Benitez, an Immokalee coalition leader, said he was pleased with the turnout of support and friendship that march participants displayed.
Benitez, who is originally from Mexico, said NAFTA did nothing to help Mexico. Instead, it created a system where huge companies line their pockets while the farmworker in America remains impoverished, he said.
Free trade agreements "force us out of our country and when we come here, they exploit us," said Benitez, 28. "It's all a big chain."
Root Cause contends Mexico's experience with NAFTA has been disastrous for the Latin American nation. The group says some of the most obvious and detrimental effects of NAFTA with relation to Mexico include:
-- It has plunged 4 million people into severe poverty, surviving on less than $2 a day;
-- It has forced more than 600 family farmers off their lands every day as a result of unfair competition.
-- From 1993 to 1999, the average manufacturing wages fell more than 20 percent, while minimum wage fell 18 percent.
Proponents of free trade argue that FTAA will establish more jobs and higher living standards, in addition to a better relationship with the 34 countries who would become free trade partners.
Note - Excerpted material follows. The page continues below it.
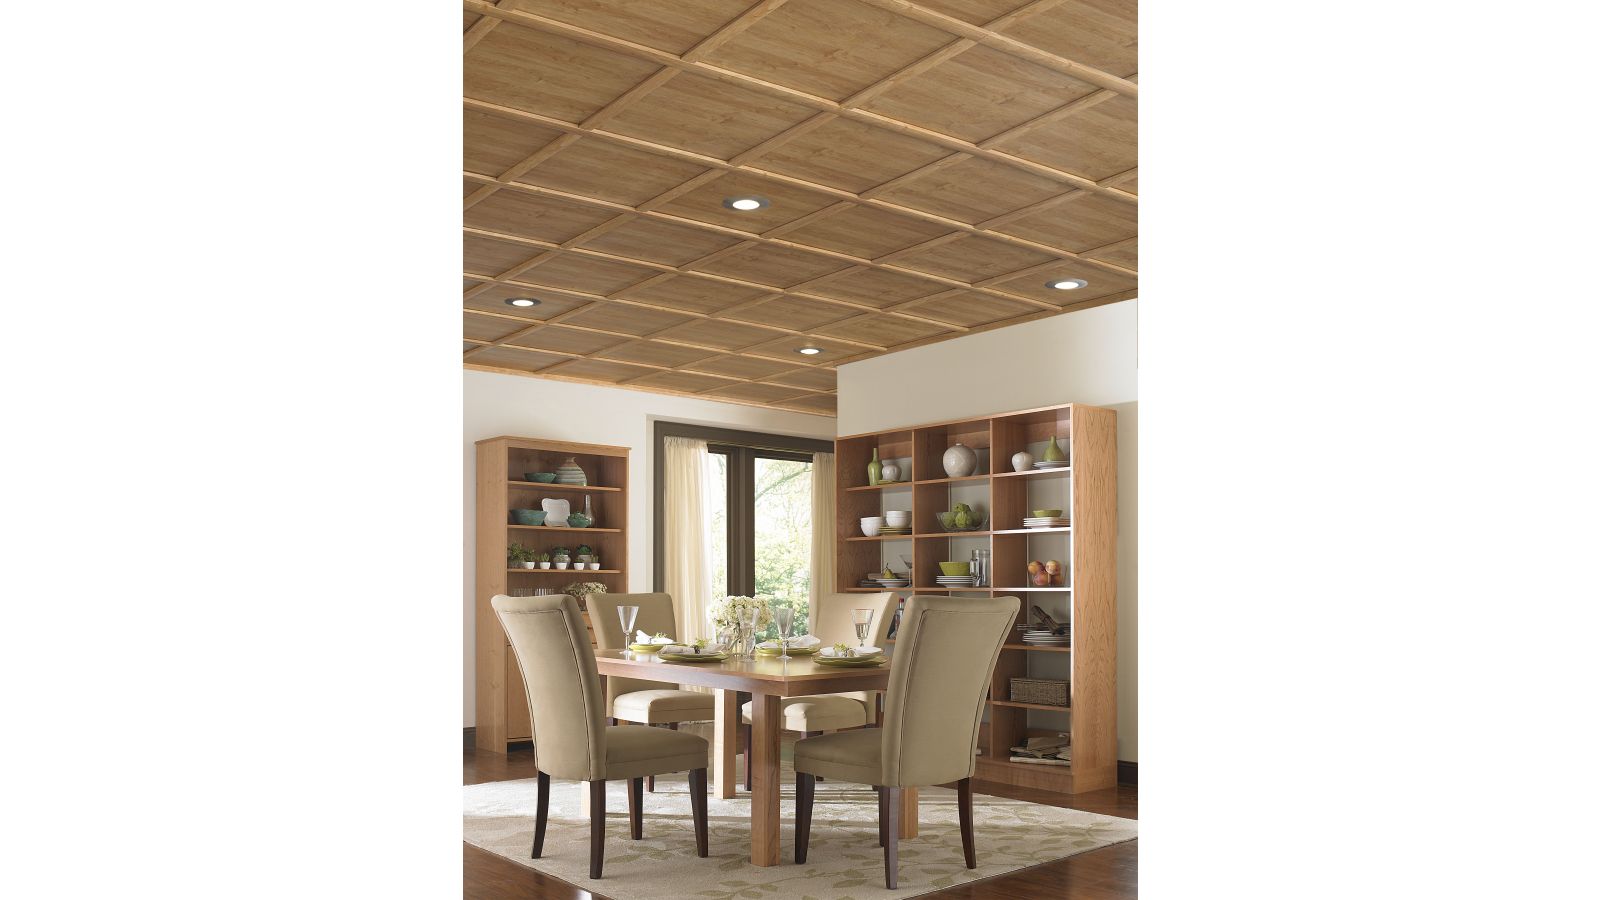 WoodTrac Ceiling Systems

Among the stops marchers made Sunday was to Point Blank, an Oakland Park-based company that specializes in military clothing.
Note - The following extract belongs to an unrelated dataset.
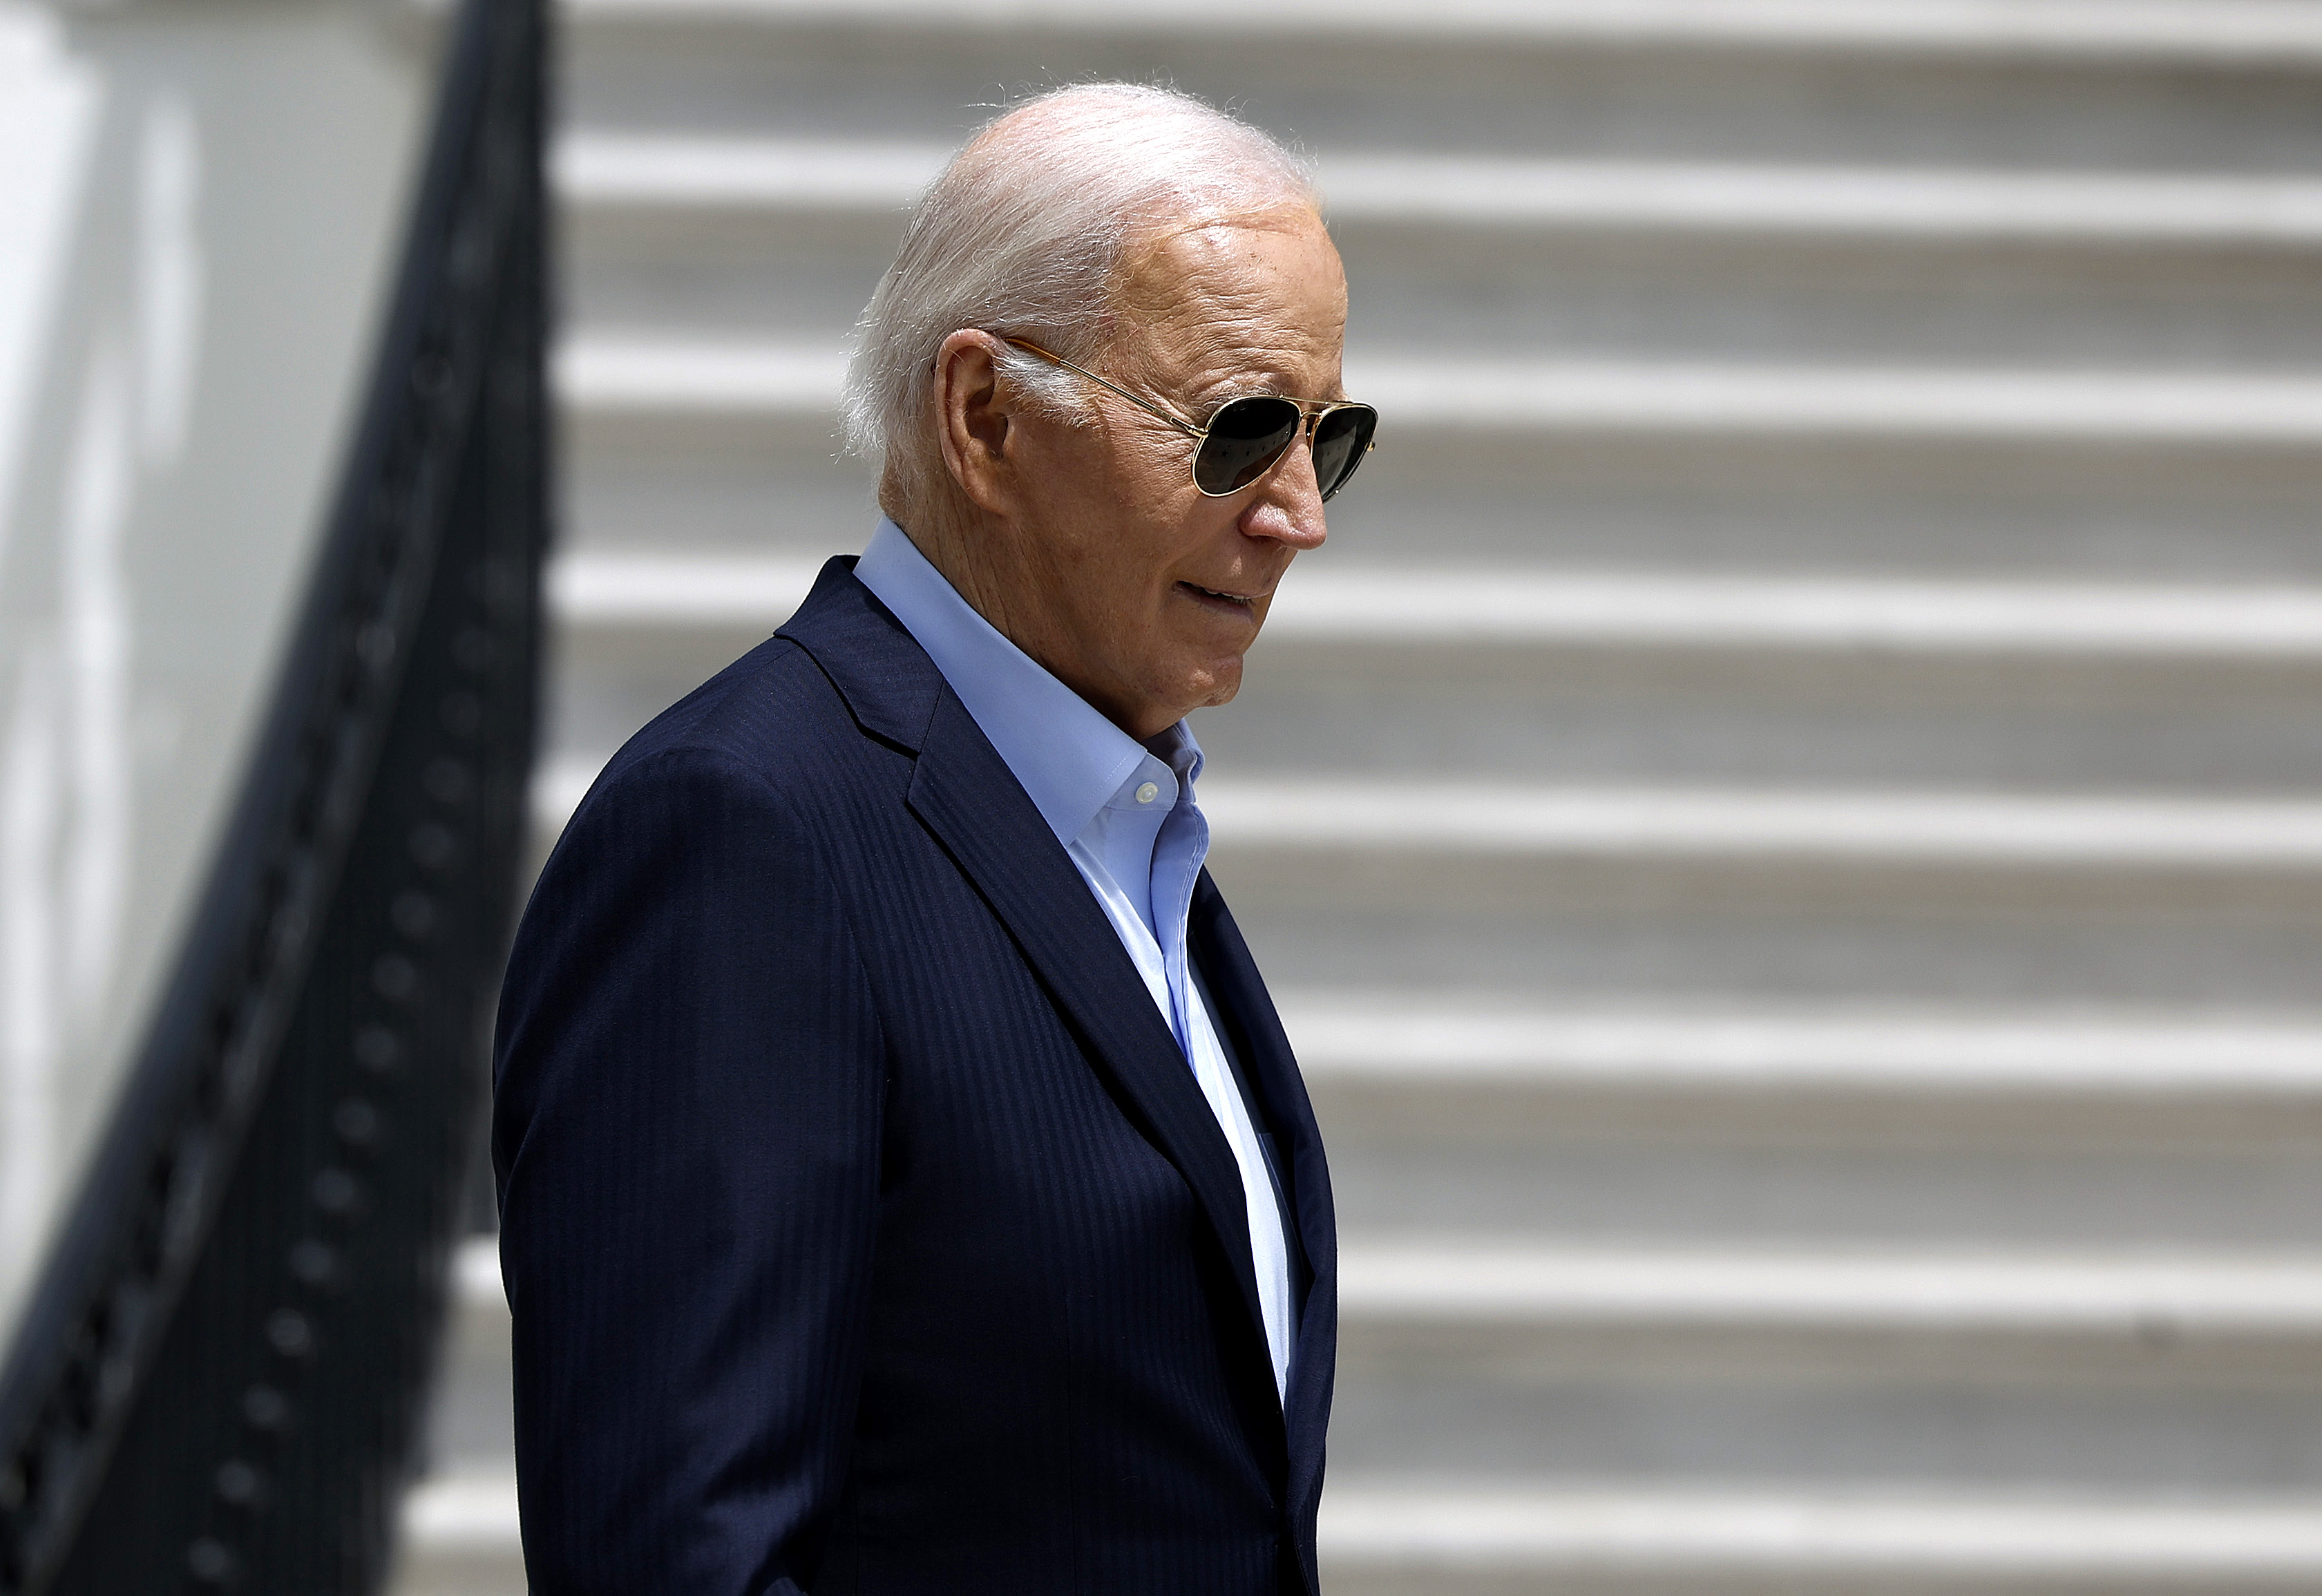 Joe Biden issues decision on sending National Guard to campus protests

There, a group of company workers, composed of Hispanics and Haitians, waited to join the march and spoke out against their employer.
"There are too many people working without getting paid," said Victoria Venegas, 42, who was born in Nicaragua. "People work so much and they are not even allowed to get a sip of water in there."
Her co-worker, Jorge Ramos, who is Cuban, concurred.
"We had a hunger strike recently because things are just so bad at Point Blank," he said. "They violate the federal labor laws, which are already weak enough."
Officials from Point Blank could not be reached for comment.
Sunday's 12-mile march culminated at about 6 p.m. at Frost Park in Dania, where farmworkers and their supporters would eat, relax and get ready for today's continued march through Broward County before entering Miami-Dade County.
Despite the heat and exhaustion and the energy required to keep on marching today, coalition members pledged their commitment to the cause.
Jean-Claude Jean, a Haitian from Immokalee who picks watermelons, assured he knew all about the proposed FTAA. Free trade agreements also have hurt his homeland, he said.
"We know the realities of free trade from our home in Haiti," said Jean, 36. "We already live in a deep enough misery; we don't need more by the FTAA."
Exhaustion would not stop his plight, Jean assured.
"We could walk another 30 miles right now," he said, following the 12-mile walk that ended in Dania. "We're defending ourselves; we've got to do this."